Re: [ot-users] SpaceFillingC2 speed

roy Thu, 15 Jun 2017 01:16:29 -0700

Hello Denis,

Indeed now OT is faster using ot.Sample(sample).


Regarding numba, it has to be pure python and not numpy for it to work 
efficiently.

import numpy as np
import timeit
import openturns as ot
from numba import jit, njit


def discrepancy(sample):
    n_sample = len(sample)
    dim = sample.shape[1]

    abs_ = abs(sample - 0.5)
    disc1 = np.sum(np.prod(1 + 0.5 * abs_ - 0.5 * abs_ ** 2, axis=1))

    prod_arr = 1
    for i in range(dim):
        s0 = sample[:, i]
        prod_arr *= (1 +
                     0.5 * abs(s0[:, None] - 0.5) + 0.5 * abs(s0 - 0.5) -
                     0.5 * abs(s0[:, None] - s0))
    disc2 = prod_arr.sum()

    c2 = (13 / 12) ** dim - 2 / n_sample * disc1 + 1 / (n_sample ** 2) * disc2
    return np.sqrt(c2)

@jit
def discrepancy_numba(sample):
    n_sample = len(sample)
    dim = sample.shape[1]

    abs_ = abs(sample - 0.5)
    disc1 = np.sum(np.prod(1 + 0.5 * abs_ - 0.5 * abs_ ** 2, axis=1))

    prod_arr = 1
    for i in range(dim):
        s0 = sample[:, i]
        prod_arr *= (1 +
                     0.5 * abs(s0[:, None] - 0.5) + 0.5 * abs(s0 - 0.5) -
                     0.5 * abs(s0[:, None] - s0))
    disc2 = prod_arr.sum()

    c2 = (13 / 12) ** dim - 2 / n_sample * disc1 + 1 / (n_sample ** 2) * disc2
    return np.sqrt(c2)

@njit
def discrepancy_faster_numba(sample):
    disc1 = 0
    n_sample = len(sample)
    dim = sample.shape[1]

    for i in range(n_sample):
        prod = 1
        for item in sample[i]:
            sub = abs(item - 0.5)
            prod *= 1 + 0.5 * sub - 0.5 * sub ** 2
        disc1 += prod

    disc2 = 0
    for i in range(n_sample):
        for j in range(n_sample):
            prod = 1
            for k in range(dim):
                a = 0.5 * abs(sample[i,k] - 0.5)
                b = 0.5 * abs(sample[j,k] - 0.5)
                c = 0.5 * abs(sample[i,k] - sample[j,k])
                prod *= 1 + a + b - c
            disc2 += prod

    c2 = (13 / 12) ** dim - 2 / n_sample * disc1 + 1 / (n_sample ** 2) * disc2
    return np.sqrt(c2)


sample = np.random.random_sample((500, 2))
ot_sample = ot.Sample(sample)
print(discrepancy(sample))
print(discrepancy_numba(sample))
print(discrepancy_faster_numba(sample))
print(ot.SpaceFillingC2().evaluate(sample))
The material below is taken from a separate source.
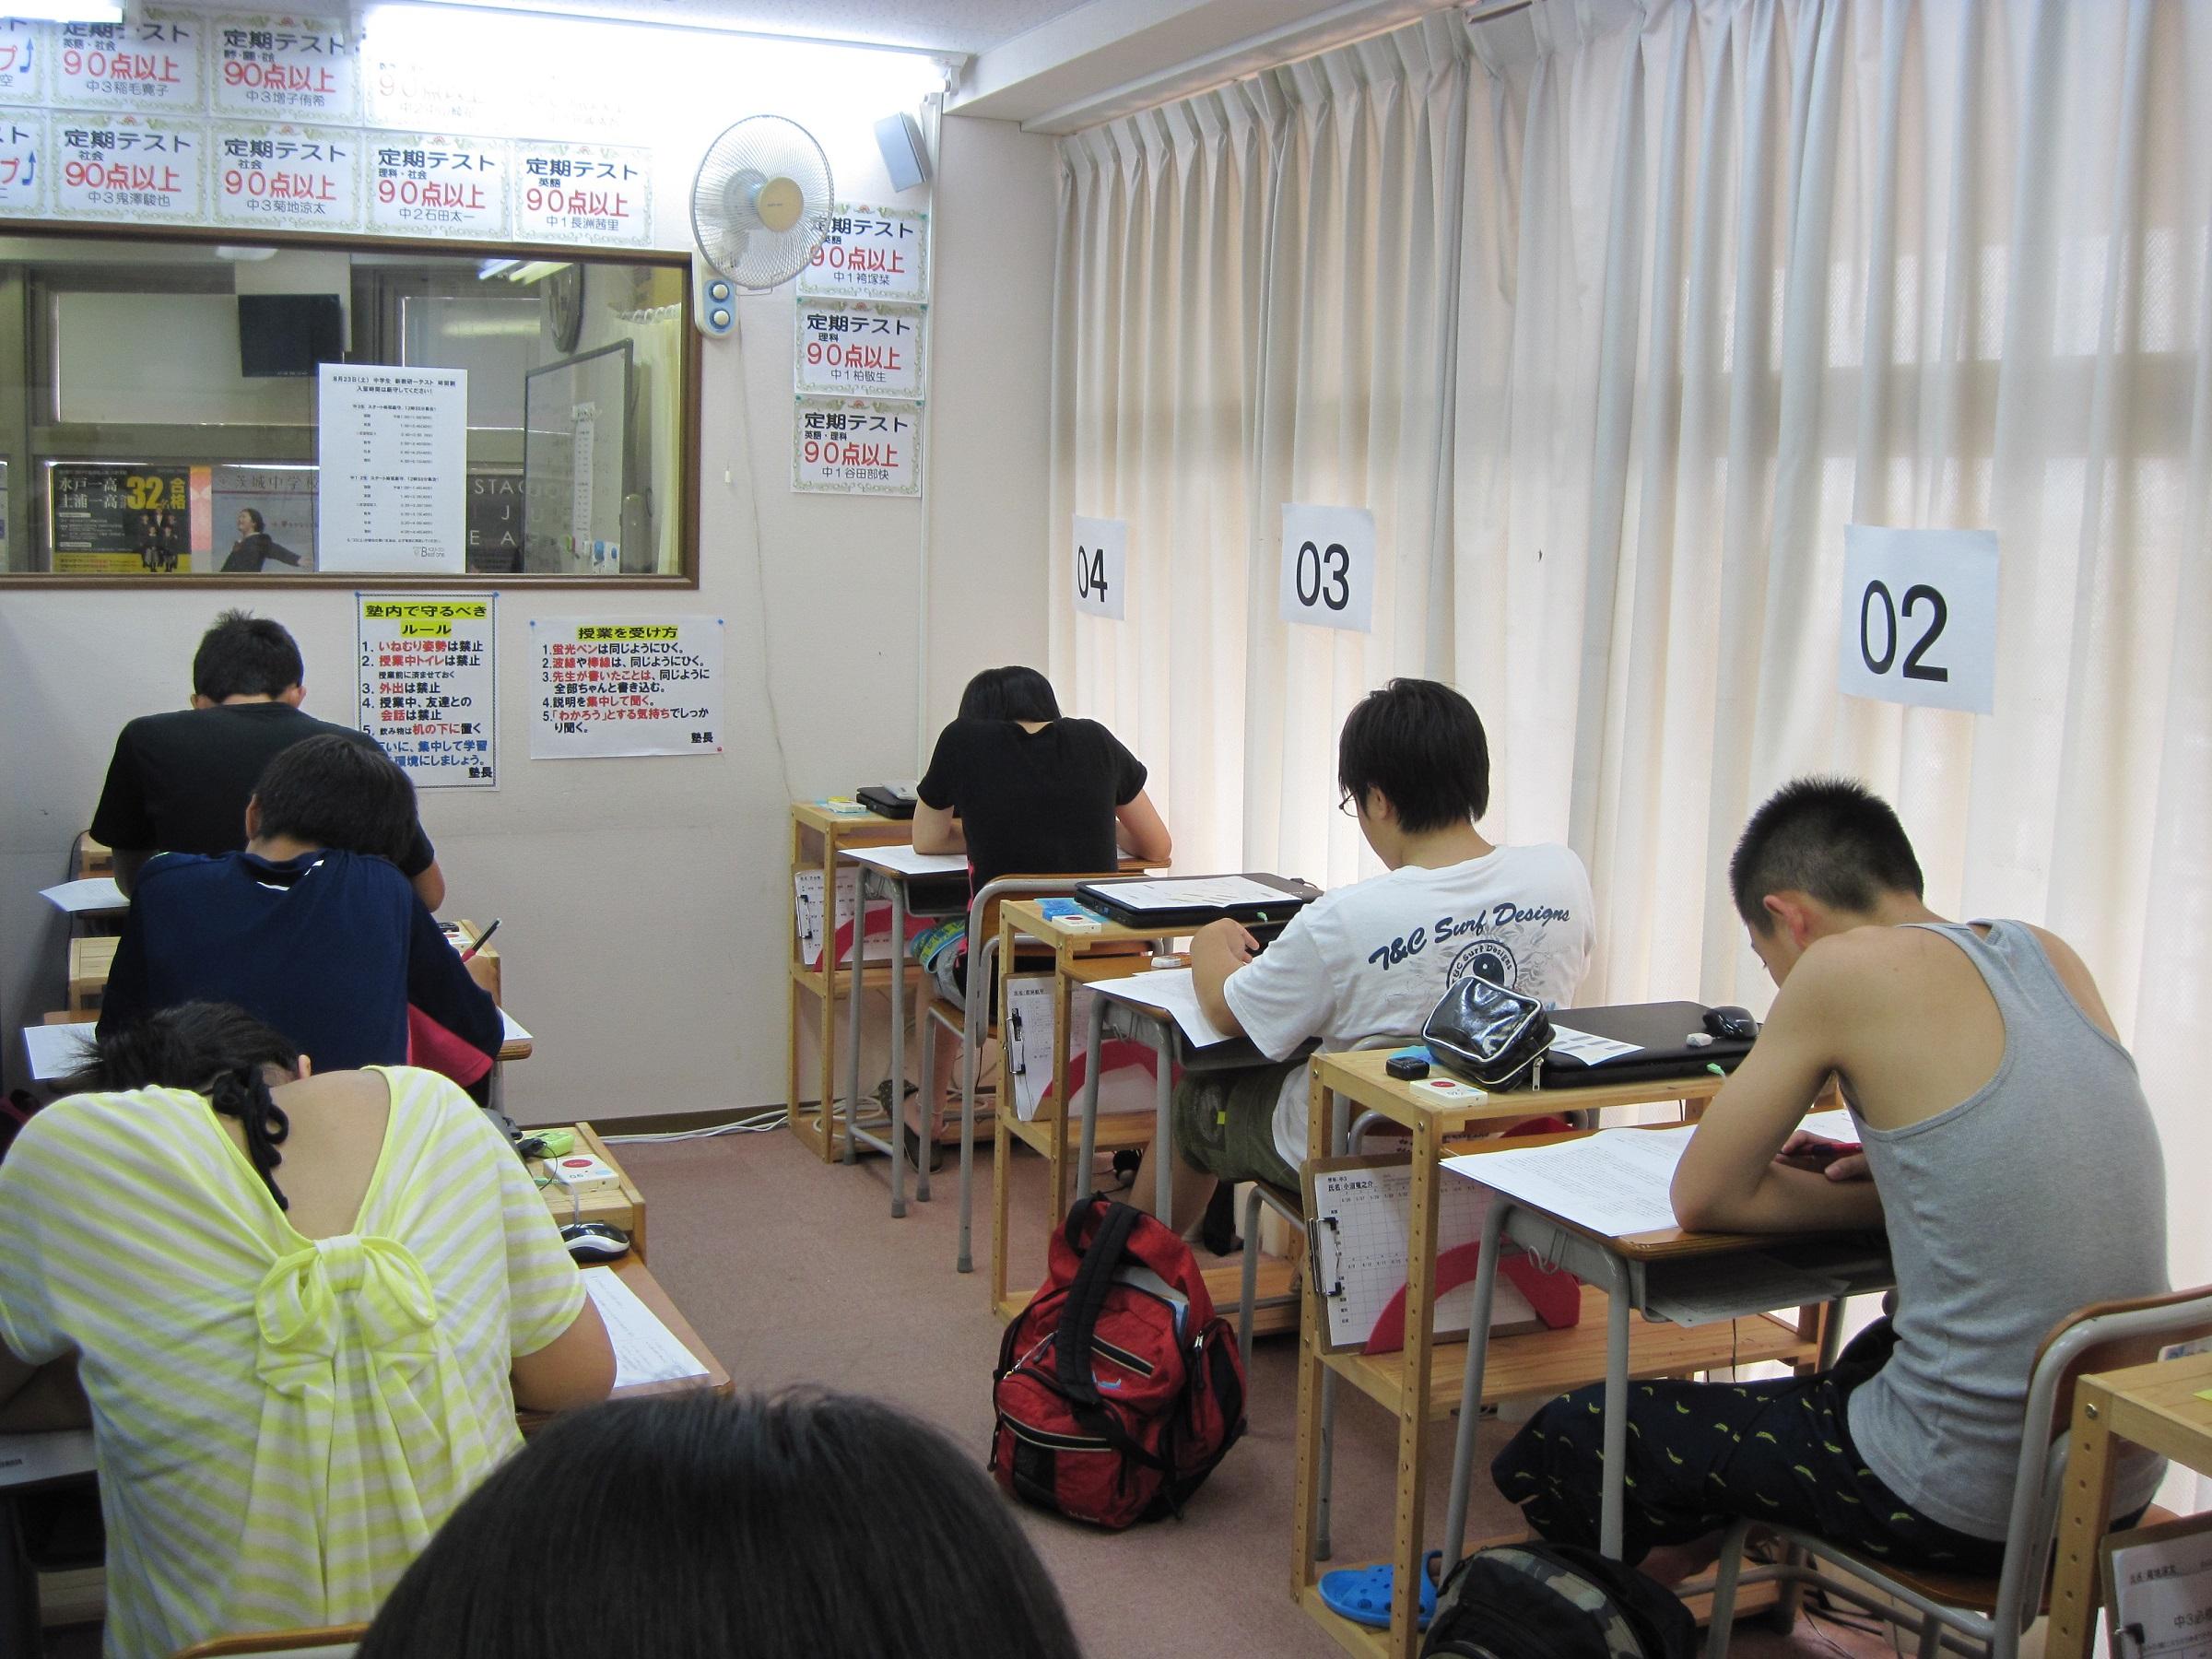 新教研テスト(中学生)page-visual 新教研テスト(中学生)ビジュアル

print('Function time: ', timeit.repeat('discrepancy(sample)', number=500, 
repeat=4, setup="from __main__ import discrepancy, sample"))
print('numba time: ', timeit.repeat('discrepancy_numba(sample)', number=500, 
repeat=4, setup="from __main__ import discrepancy_numba, sample"))
print('Fast numba time: ', timeit.repeat('discrepancy_faster_numba(sample)', 
number=500, repeat=4, setup="from __main__ import discrepancy_faster_numba, 
sample"))
print('OT time: ', timeit.repeat('ot.SpaceFillingC2().evaluate(ot_sample)', 
number=500, repeat=4, setup="from __main__ import ot_sample, ot"))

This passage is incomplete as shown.